Recorded data: Begin

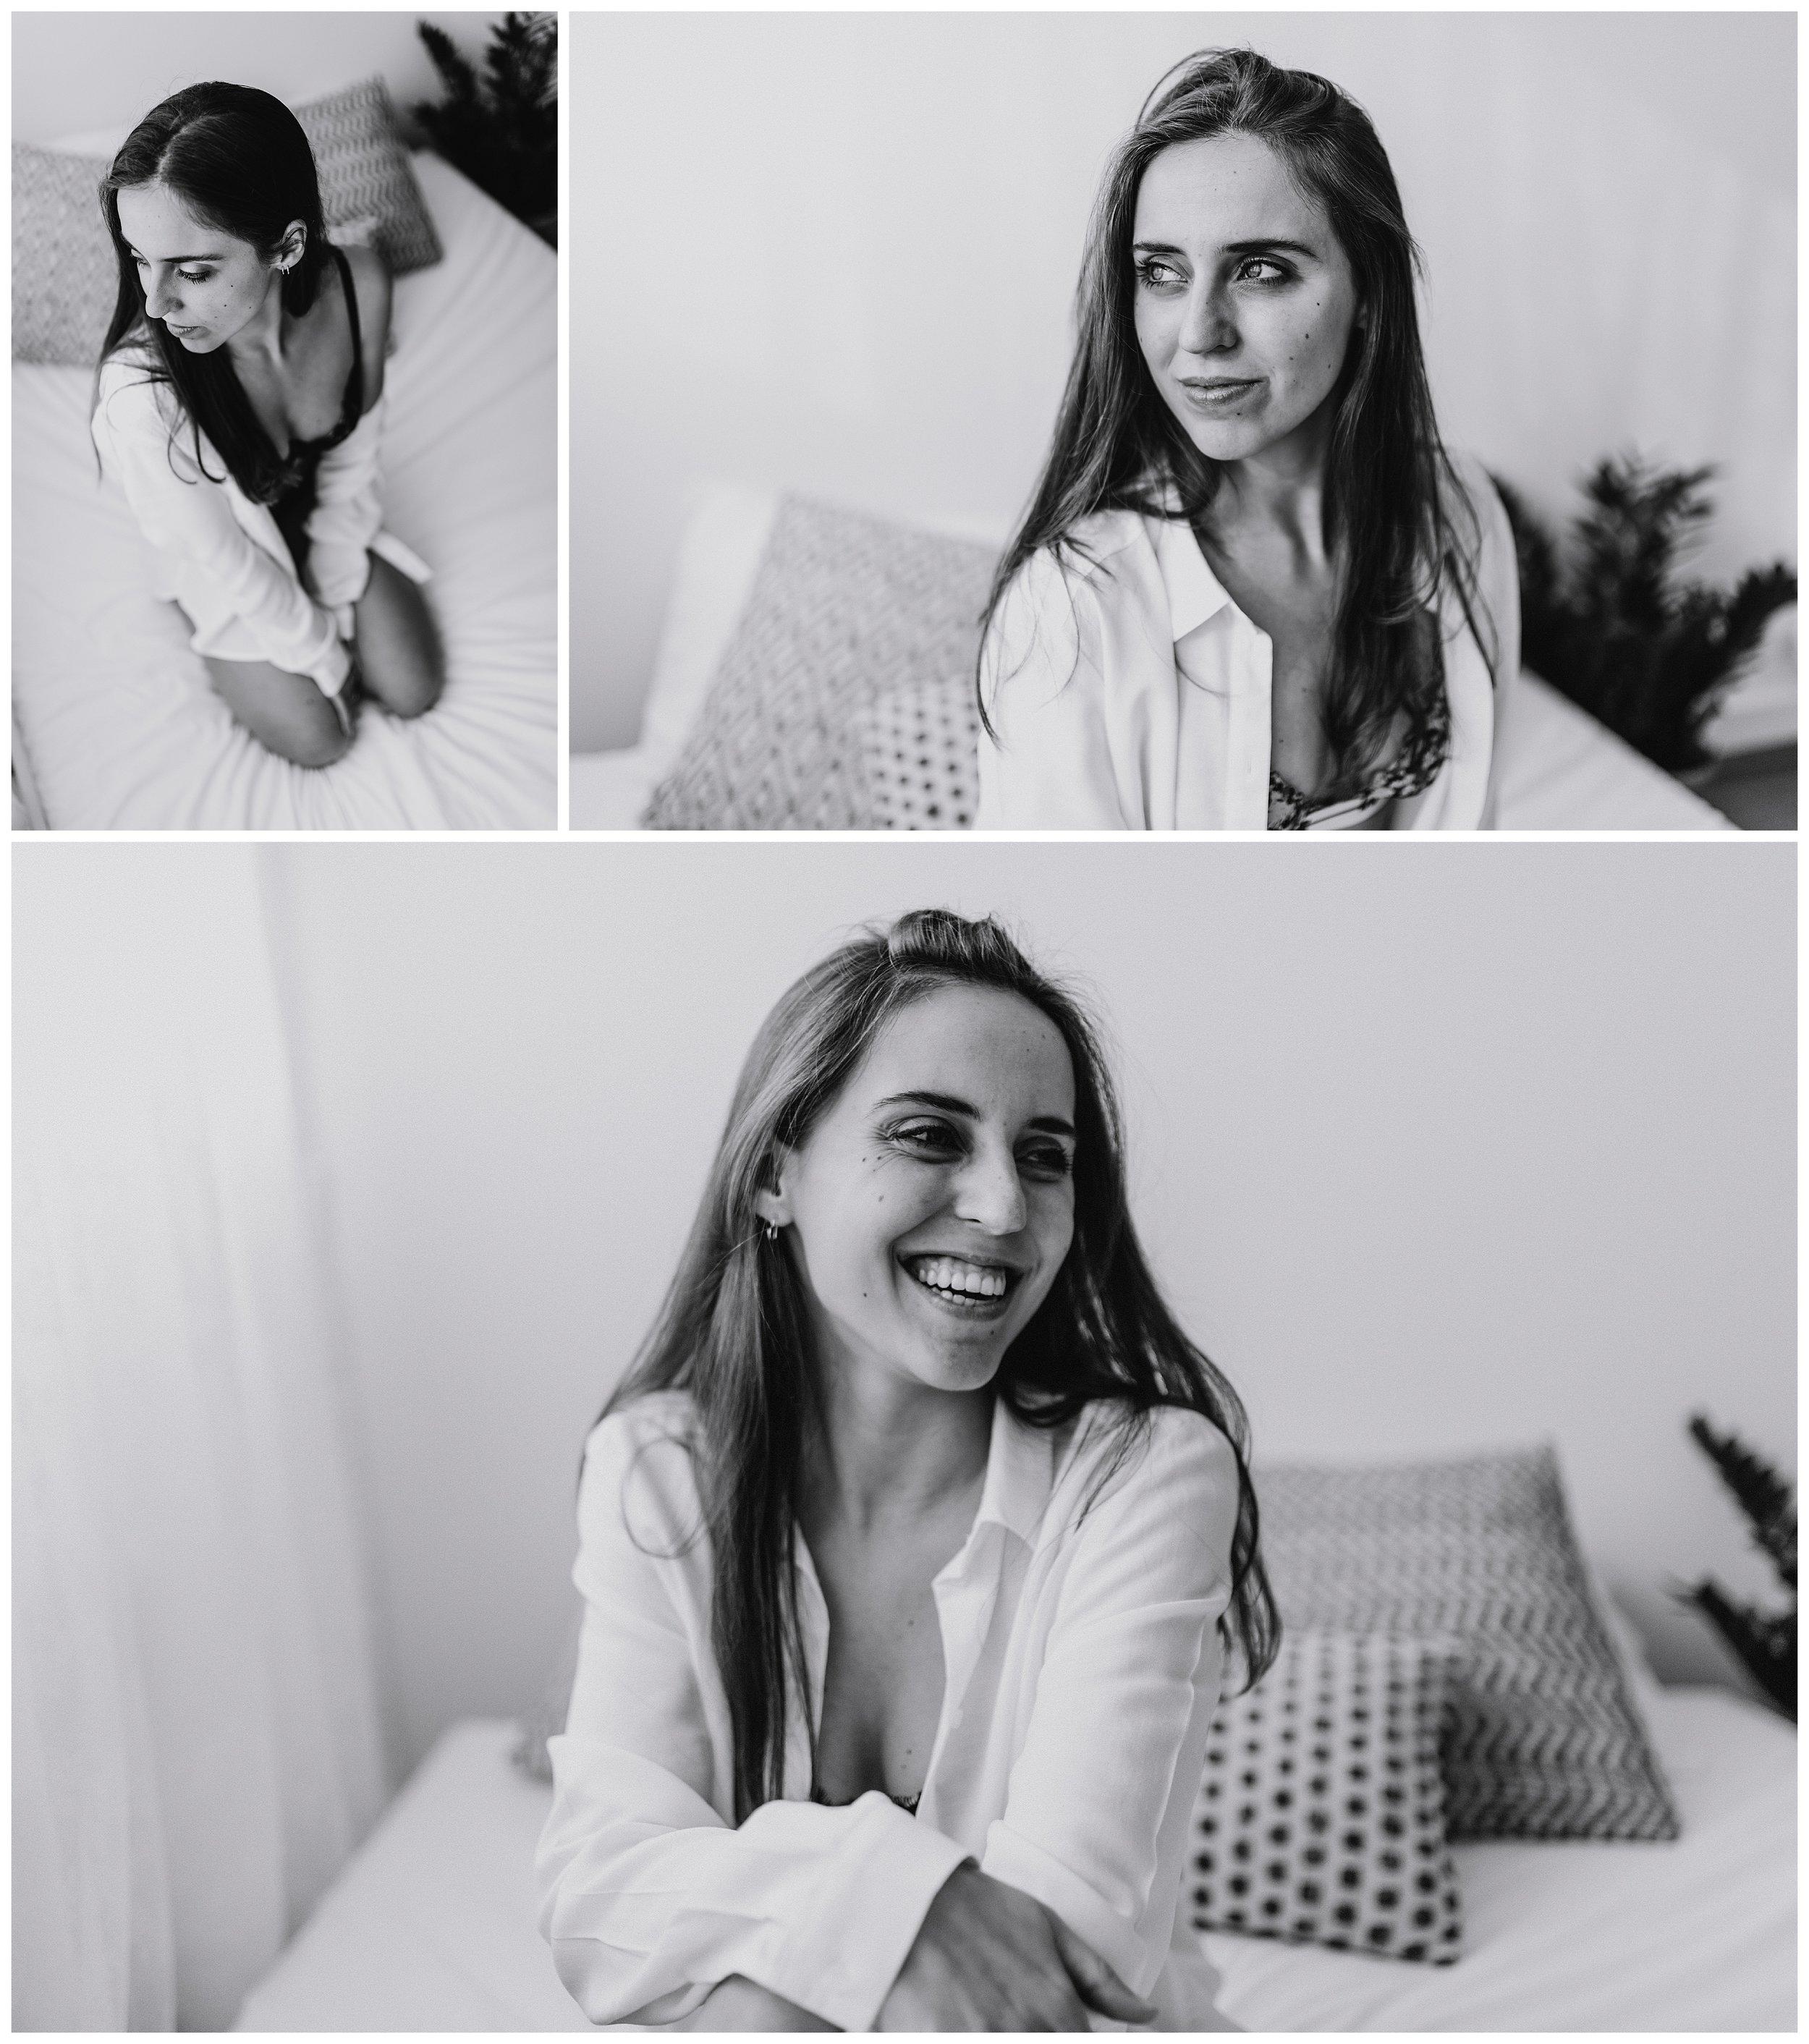 boudoirfotografie-boudoir-lisa-helsen-herentals-kempen_0004.jpg
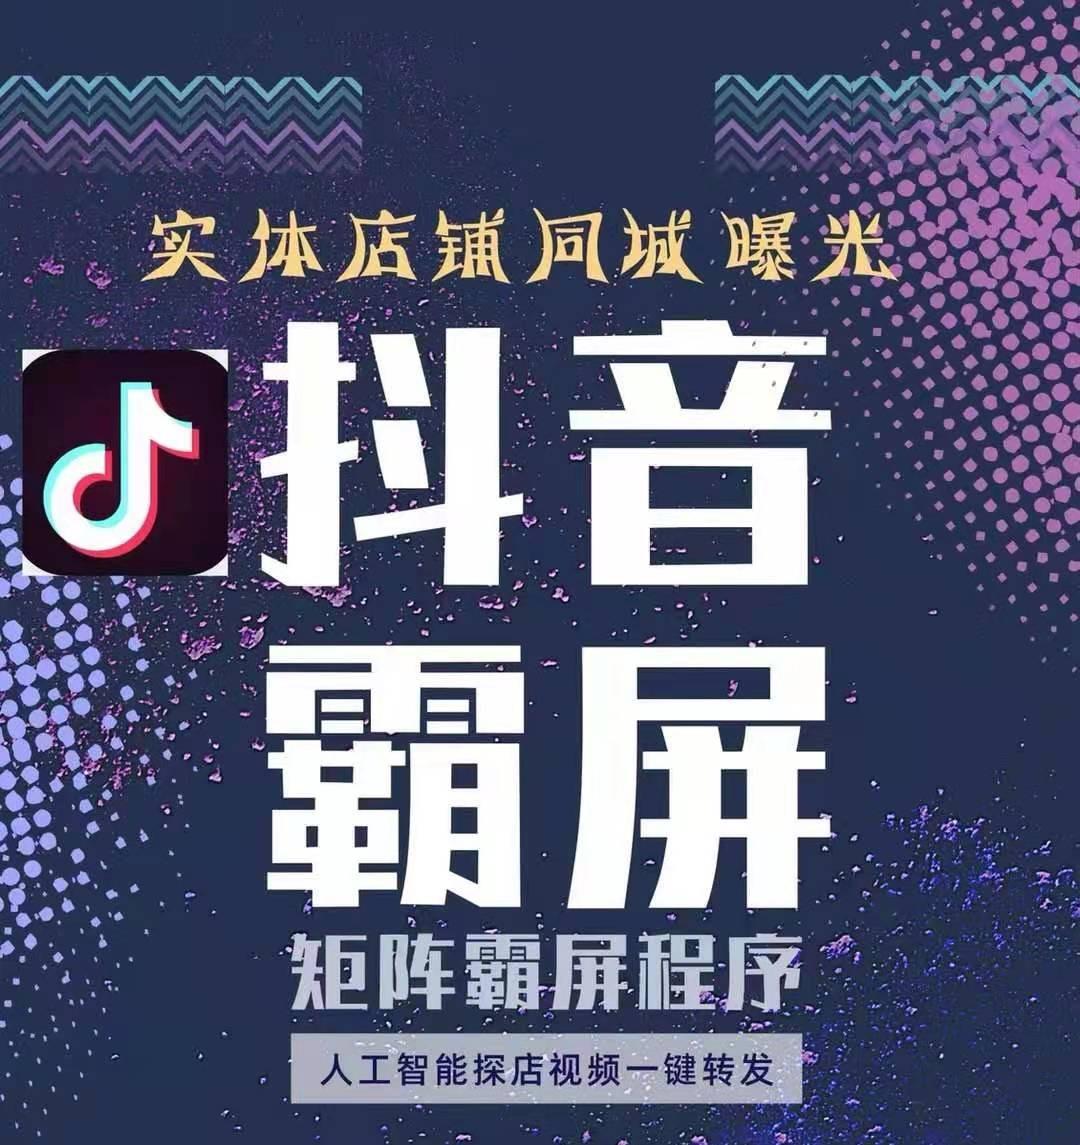 抖音同城爆店码抖云推/自动发视频/商家二维码扫码/爆粉营销
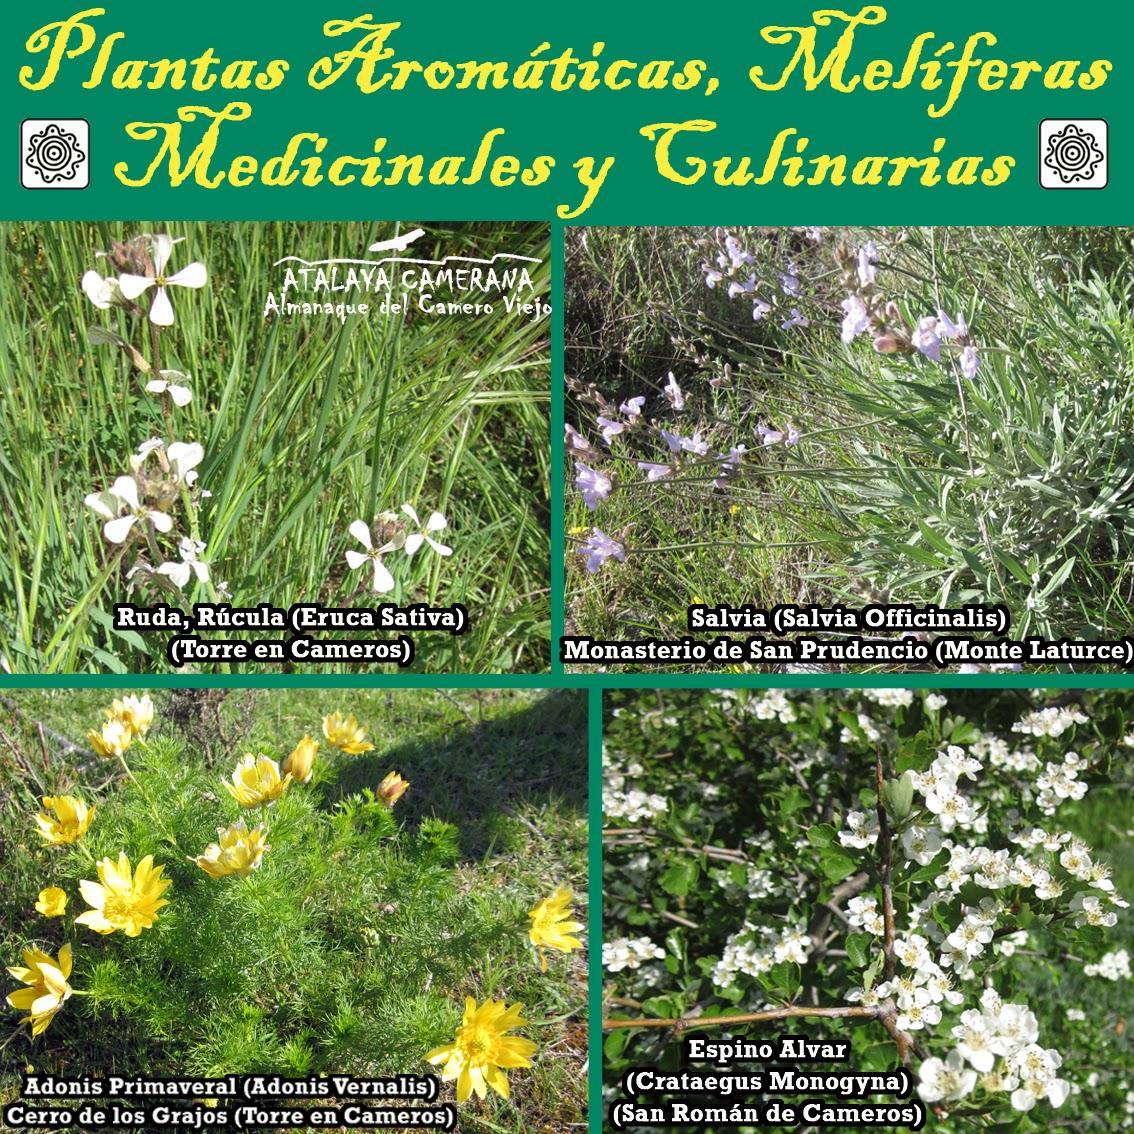 Sierra del Camero Viejo: Plantas Aromáticas, Melíferas, Medicinales y Culinarias

Recorded data: End

Restate the material word for word, minus pictures.

 boudoirfotografie-boudoir-lisa-helsen-herentals-kempen_0004.jpg
 抖音同城爆店码抖云推/自动发视频/商家二维码扫码/爆粉营销
 Sierra del Camero Viejo: Plantas Aromáticas, Melíferas, Medicinales y Culinarias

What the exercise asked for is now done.